Ознакомительная версия. Доступно 29 страниц из 144
— Племянник режиссера. Живет в тайге, пишет книжки. Фильм «Счастливые люди» не смотрел?
— Нет. Я о том, который «Ностальгия», «Рублев».
— Нудный.
— И «Сталкер»? «Солярис»?
— Ну… да.
— Я, пока «Зеркало» не посмотрел, тоже так думал. А потом Руслан, ну чувак, который обратил меня в фотографическую веру еще в армии, написал, что там суть созерцания. А кто же такой фотограф, если не созерцатель? «Зеркало» — классные фотки живые. Ну я и сел за монитор. Руслан предупреждал, чтобы только не в кинотеатре, где мешают медитировать хоботы. И меня пробило. Тогда и все остальное полюбил. Тарковский, кстати, и фотографом неплохим был…

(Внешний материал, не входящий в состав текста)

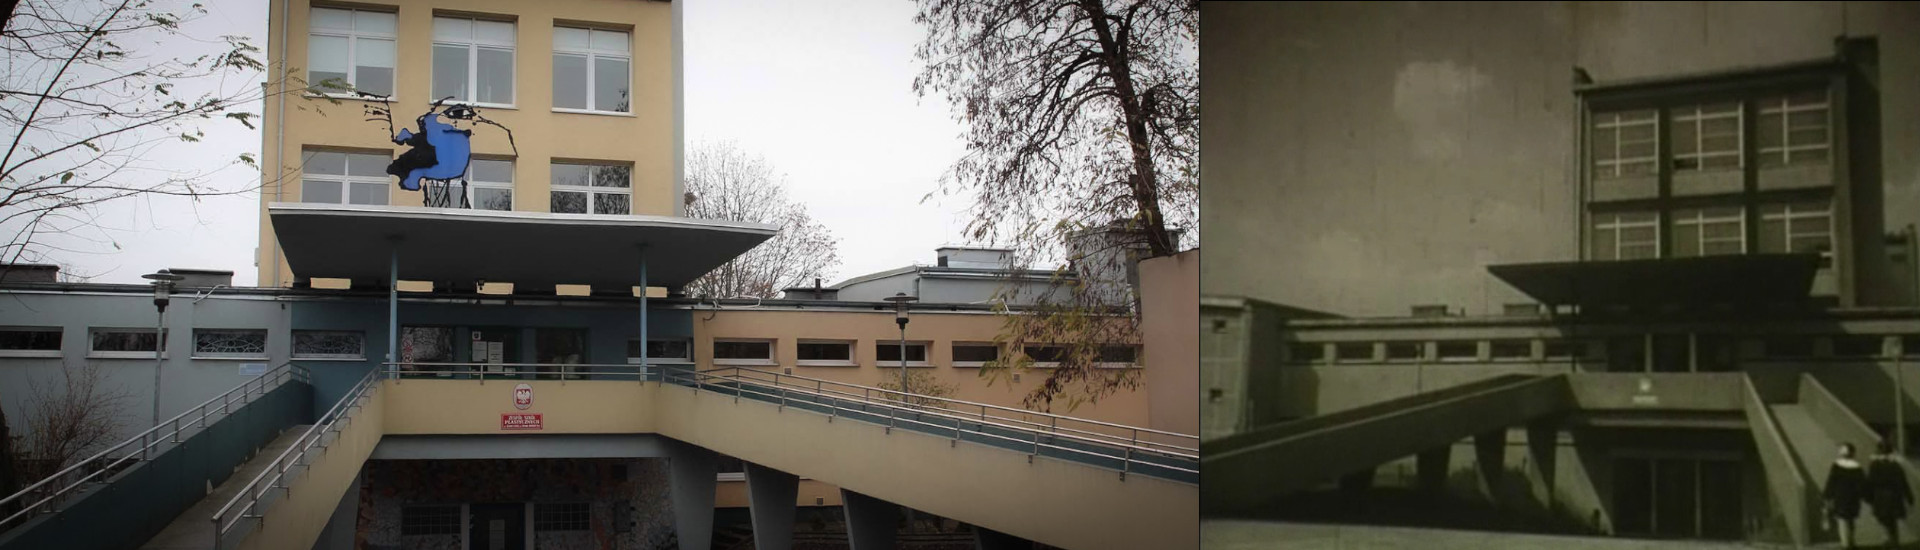 Dwa połączone zdjęcia pokazujące podjazdy do szkoły. Zdjęcie po lewej stronie pokazuje aktualny budynek szkoły, zdjęcie po prawej stronie pokazuje archiwalne zdjęcie z lat sześćdziesiątych.
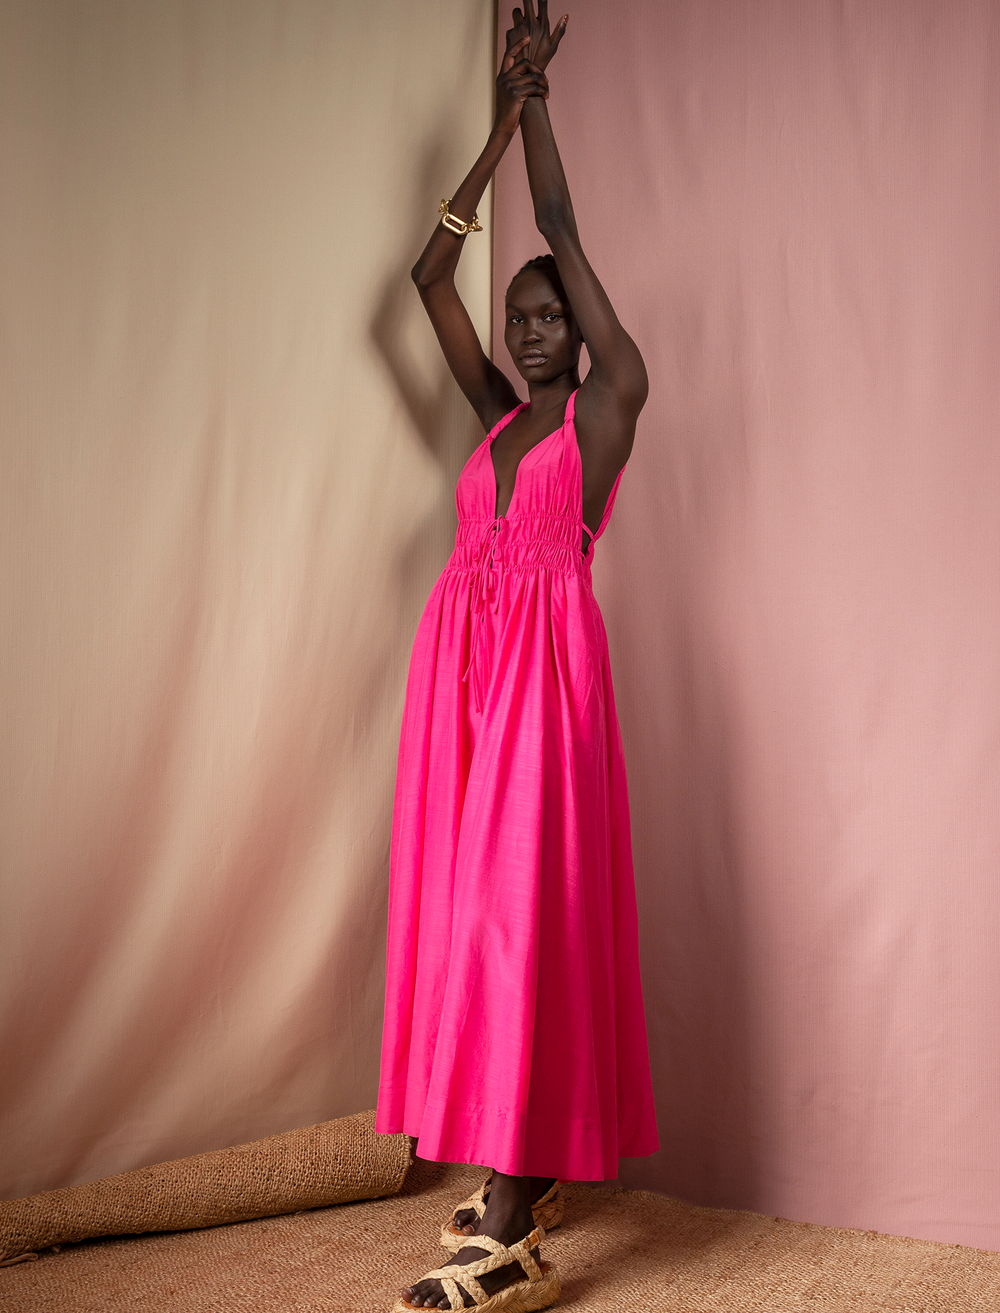 Tied Up Full Length Dress - Raspberry | Sunset Lover

Они подъезжали к гостинице, та выплывала из тумана, как высокогорный курорт в «Сиянии», и у Косточкина мурашки по спине побежали, но вовсе не от невольной ассоциации, а потому, что все заканчивалось.
Заканчивалось.
Он это ясно почувствовал и испугался.
Автомобиль остановился напротив гостиницы. Вероника посмотрела на Косточкина.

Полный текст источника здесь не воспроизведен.